第1巻の冒頭は、満州事変で国を追われた張学良の述懐から始まります。日本軍に対する「無抵抗将軍」の汚名を着たものの、後に「西安事件」を起こして蒋介石に国共合作を認めさせる東北軍閥の後継者は、欧州へと向かう船上で何を思ったのでしょう。
それに続く本編は、清朝最後の皇帝となった溥儀に対して離婚を決意するに至った、側妃・文繍の回顧談で占められます。彼女が語ったのは、紫禁城を追われた後も元皇帝として懶惰な生活を続ける溥儀と、阿片に溺れる正妃・婉容の悲しい生き方でした。
皇帝退位に際しての「清室優待条件」を反故にされて生命の危険もあった中で、天津の日本租界に匿われながら「清朝復辟」のみを空しく望み続ける溥儀が、傀儡として利用されるのは時間の問題だったようです。そして満州事件の直前に、側妃・文繍から離婚を訴えられるのです。多額の慰謝料を求めて家庭内・宮廷内の内情を暴露した元側妃にとっては、溥儀と婉容と暮らした9年間はどのような地獄だったのでしょう。
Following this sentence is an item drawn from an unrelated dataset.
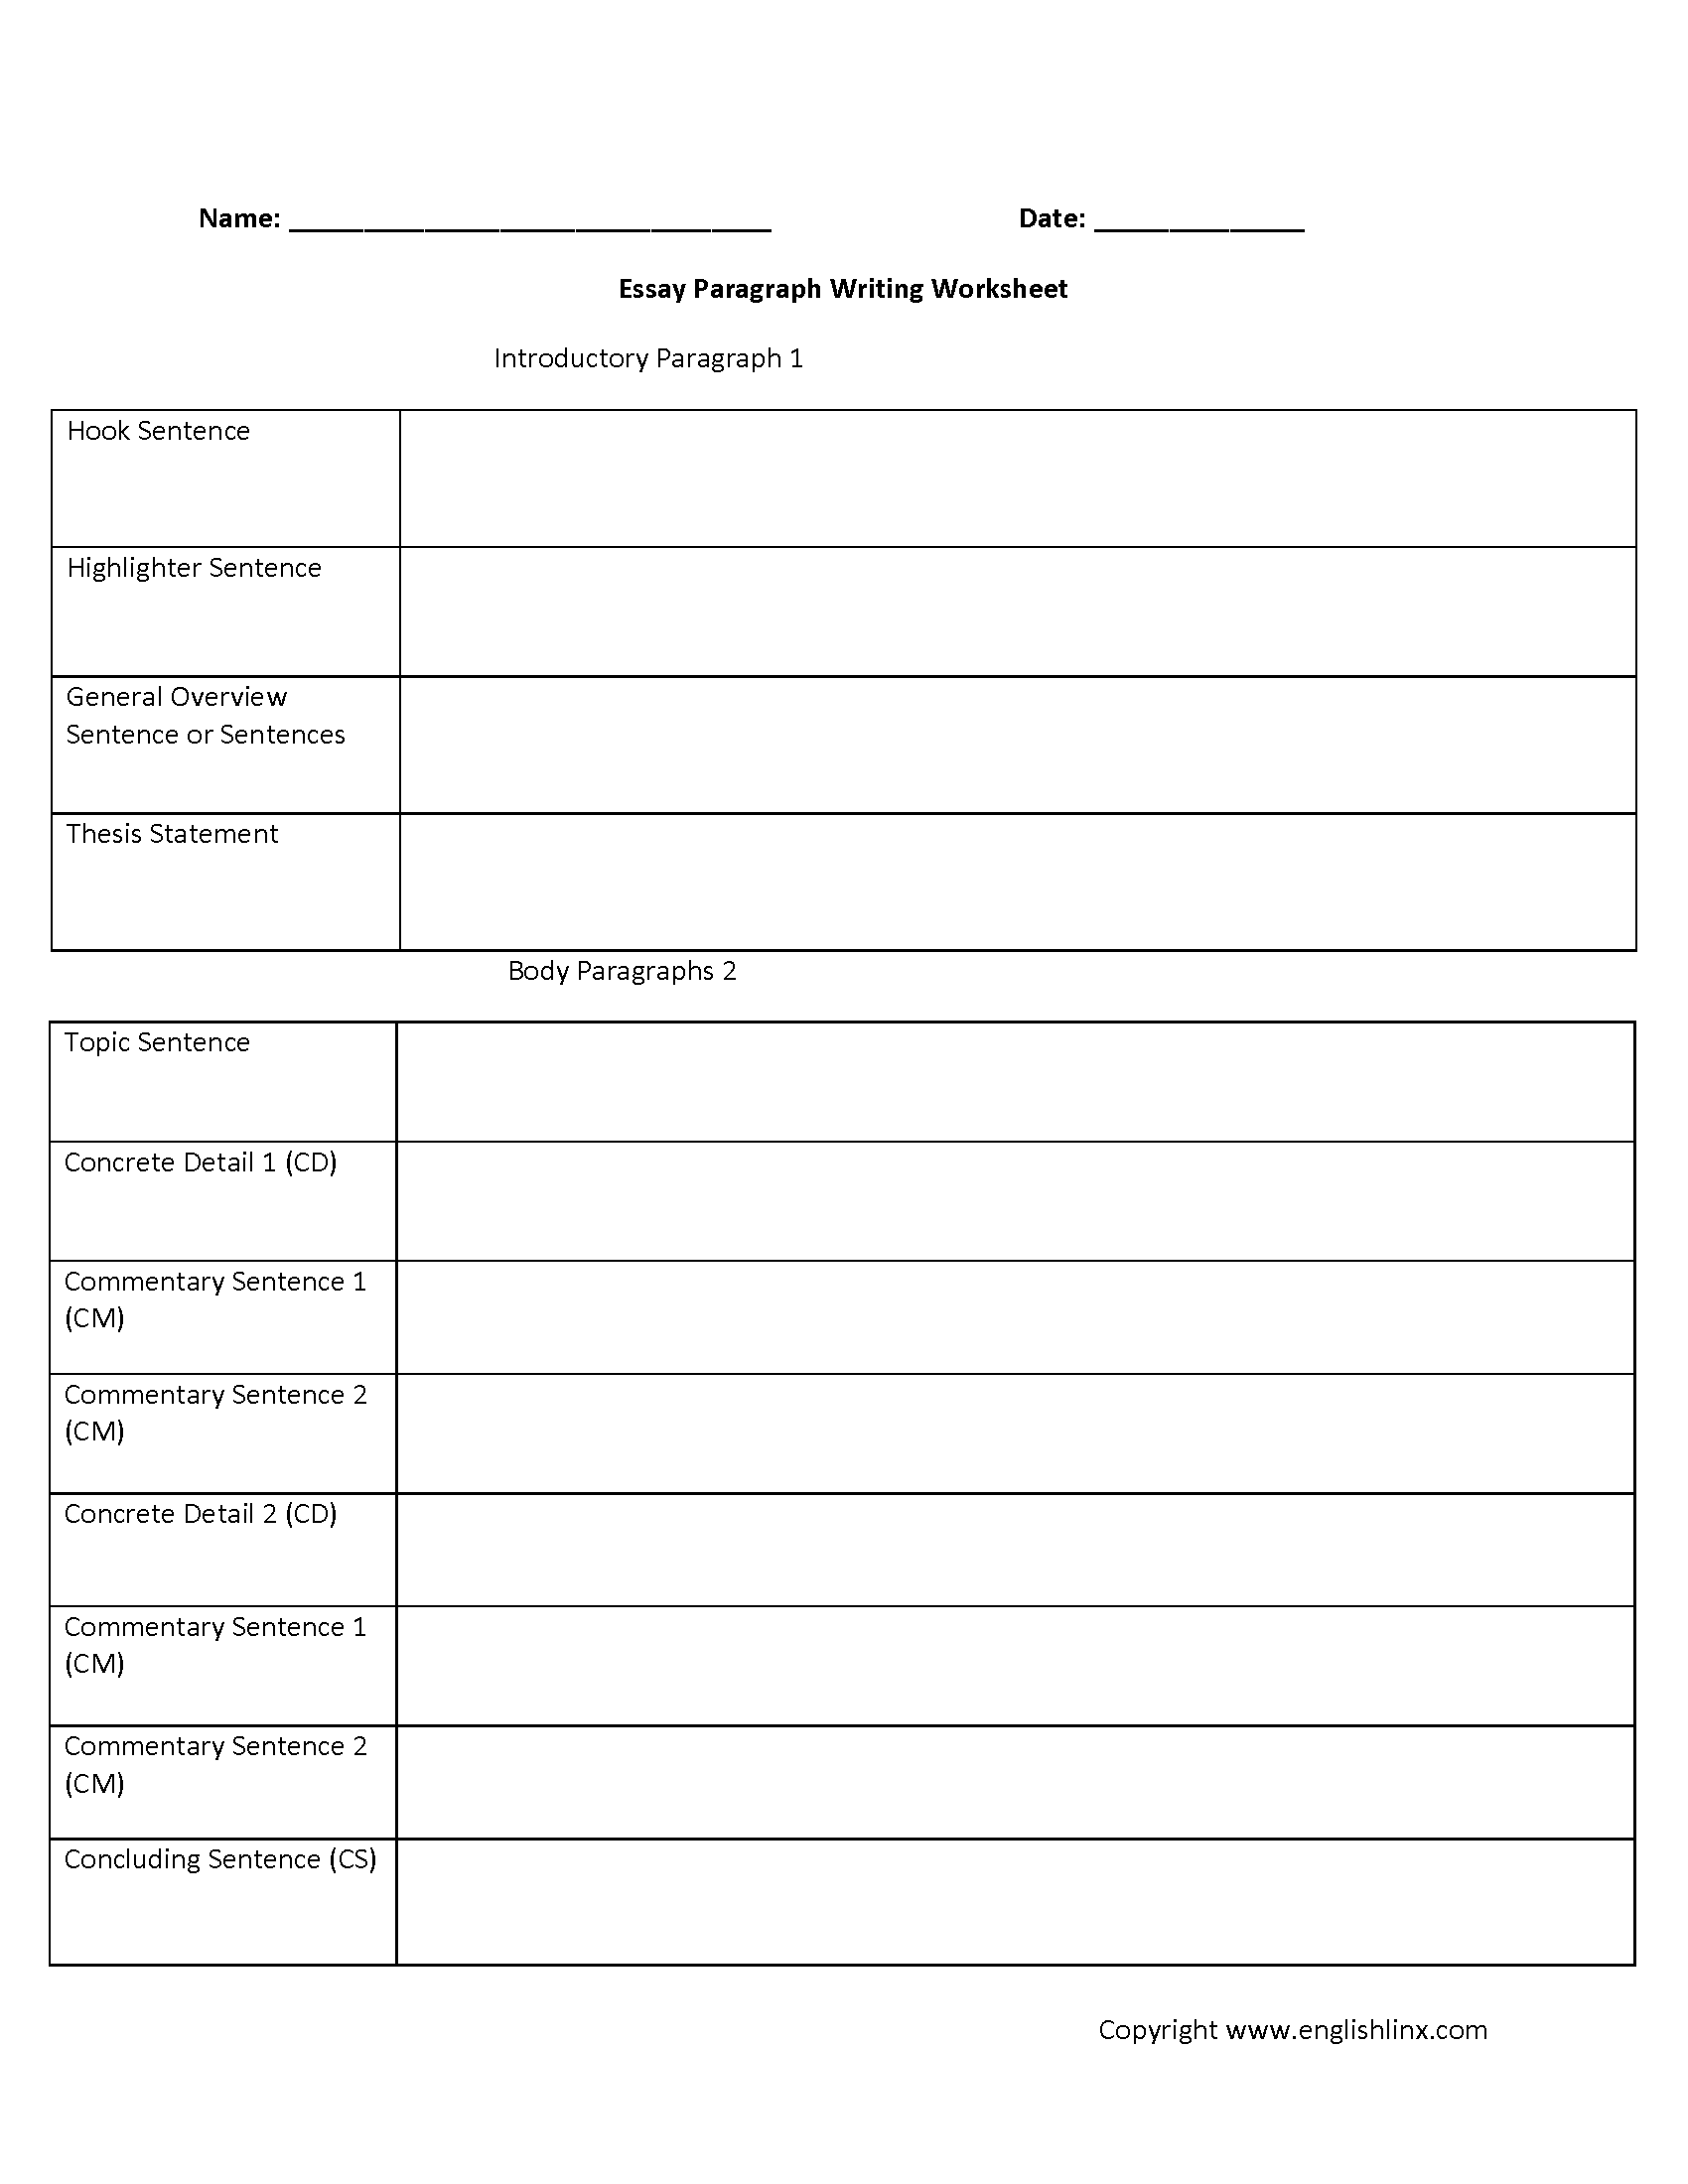 Essay structure worksheet

タイトルの「天子蒙塵」とは「春秋左氏伝」に登場する言葉で、「天子がほこりまみれになって逃げる」という意味だそうです。溥儀の満州行も、張学良の欧州行も「天子蒙塵の已むなき挙」ということですね。同時代の満州を描いた船戸与一さんの『満州国演義シリーズ』は近代日本に興った民族主義の歴史を批判的に描いた大河ドラマであるのに対し、浅田さんの「蒼穹の昴シリーズ」は「家族ドラマ・人情ドラマ」の色彩が濃いのですが、次巻以降でどのように歴史と向き合っていくのか楽しみです。